Why Aphria Stock Is Falling

So there is hope in the Aphria stock forecast, but we should also consider why the company has been rocked by 2018 in the first place.

There are a variety of factors that played into Aphria’s precipitous fall, but the most important one is that the company was repeatedly charged as being overvalued.

That’s a claim we hear bandied about often in the marijuana market, but Aphria in particular was slammed hard by analysts and investors believing the company to be trading above what it was worth.

As one would expect, overvaluation often leads to investors selling off when they think the company is at its zenith, abandoning ship before it begins to sink.

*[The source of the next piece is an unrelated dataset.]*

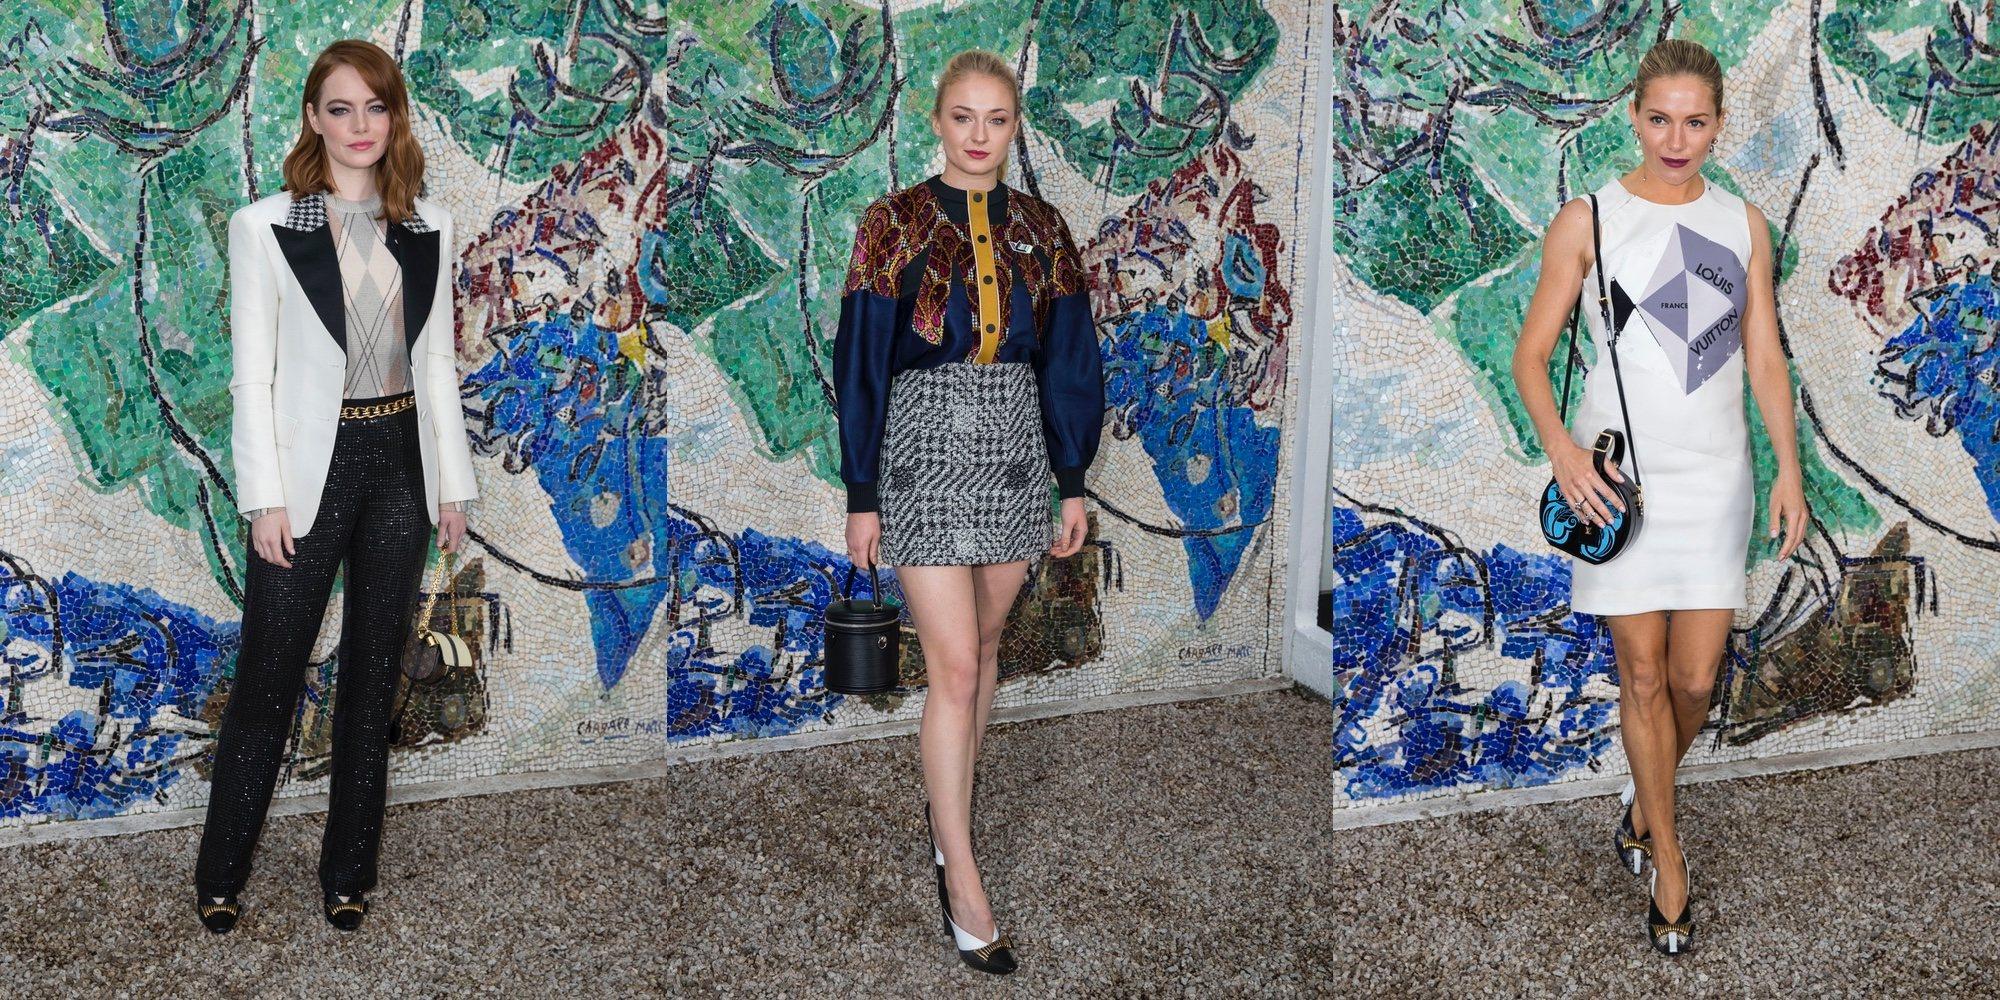 Emma Stone, Sophie Turner o Sienna Miller: los famosos no se pierden el desfile Louis Vuitton Cruise 2019

But here’s the thing: usually, after a big sell-off, we see investors begin to return to the stock with its value reduced. Now more in line with expectations, money often floods back in, and we see the company begin to recover. Aphria stock has enjoyed no such recovery.

It’s hard to say if the Molson Coors deal will be enough to resurrect Aphria. What’s for certain, however, is that the company is in desperate need of something to help it emerge from the dumps.

Analyst Take

Aphria is surrounded by questions, but the most important one here is whether the Molson Coors deal will be enough to revive the stock value.

While I’m sure a deal announcement will see the stock rise somewhat, I’m concerned that the gains won’t be sustainable, and that Aphria will simply revert a few shorts weeks later back to its underperforming ways.

I’m not totally down on Aphria, but I do have my worries, seeing as how the company has failed to stage a consistent comeback in 2018 as of yet.

While there is potential within Aphria stock, and its value is at a bargain price, I’m not sure that a Molson Coors deal, if it were to happen, would be enough to justify getting back on board with the company until investors see demonstrably sustainable gains begin to emerge from the company once more.